Using a discretionary clause in any disability insurance policy is illegal in California because a discretionary clause "effectively negates operative terms of the contract" and makes the contract "unintelligible, uncertain, ambiguous, abstruse and likely to mislead the insured," writes Gary Cohen, the California departments general counsel, in the letter opinion.
Regulators from California and other states have been talking at meetings of the National Association of Insurance Commissioners, Kansas City, Mo., about promoting a national ban on disability plan discretionary clauses.
Units of UnumProvident Corp., Chattanooga, Tenn., and Hartford Financial Services Group Inc., Hartford, have requested a hearing on the withdrawal notice and are asking the California department to annul the notice.
Group disability insurers argue that a ban on discretionary clauses will take away the flexibility they need to do their jobs without doing much to help consumers.

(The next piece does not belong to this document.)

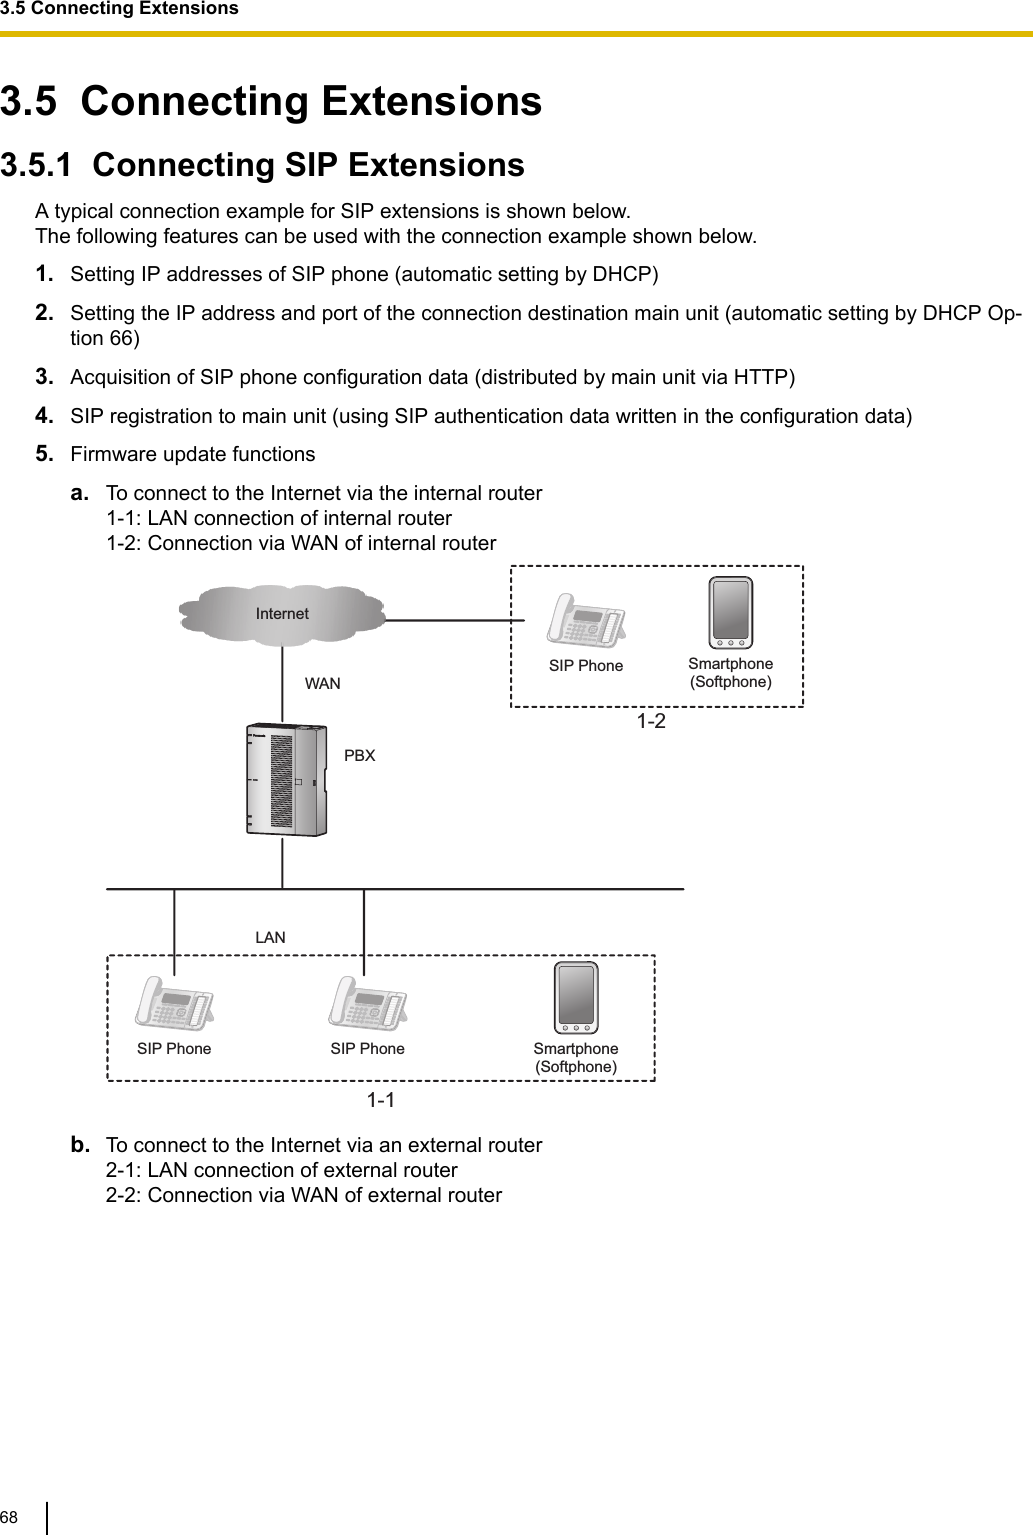 3.5  Connecting Extensions3.5.1  Connecting SIP ExtensionsA typical connection example for SIP extensions is shown below.The following features can be used with the connection example shown below.1. Setting IP addresses of SIP phone (automatic setting by DHCP)2. Setting the IP address and port of the connection destination main unit (automatic setting by DHCP Op-tion 66)3. Acquisition of SIP phone configuration data (distributed by main unit via HTTP)4. SIP registration to main unit (using SIP authentication data written in the configuration data)5. Firmware update functionsa. To connect to the Internet via the internal router1-1: LAN connection of internal router1-2: Connection via WAN of internal routerPBXLANInternetWAN1-1SIP Phone1-2Smartphone(Softphone)SIP PhoneSIP Phone Smartphone(Softphone)b. To connect to the Internet via an external router2-1: LAN connection of external router2-2: Connection via WAN of external router3.5 Connecting Extensions68

UnumProvident believes a ban on discretionary clauses is unnecessary because "existing law requires insurers to make decisions under standards that are reasonable and supported by substantial evidence," says spokesman Jim Sabourin.
Banning discretionary clauses could hamper disability insurers efforts to provide consistent benefits packages for multi-site employers, Kayatta says.
In a world without discretionary clauses, he says, each court would, in effect, set its own group disability plan standards.
Hartfords discretionary clause "is in the best interest of the public," Hartford says in a statement.
The clause lowers the cost of disability coverage and promotes access to disability benefits by ensuring that claims are paid appropriately, Hartford says.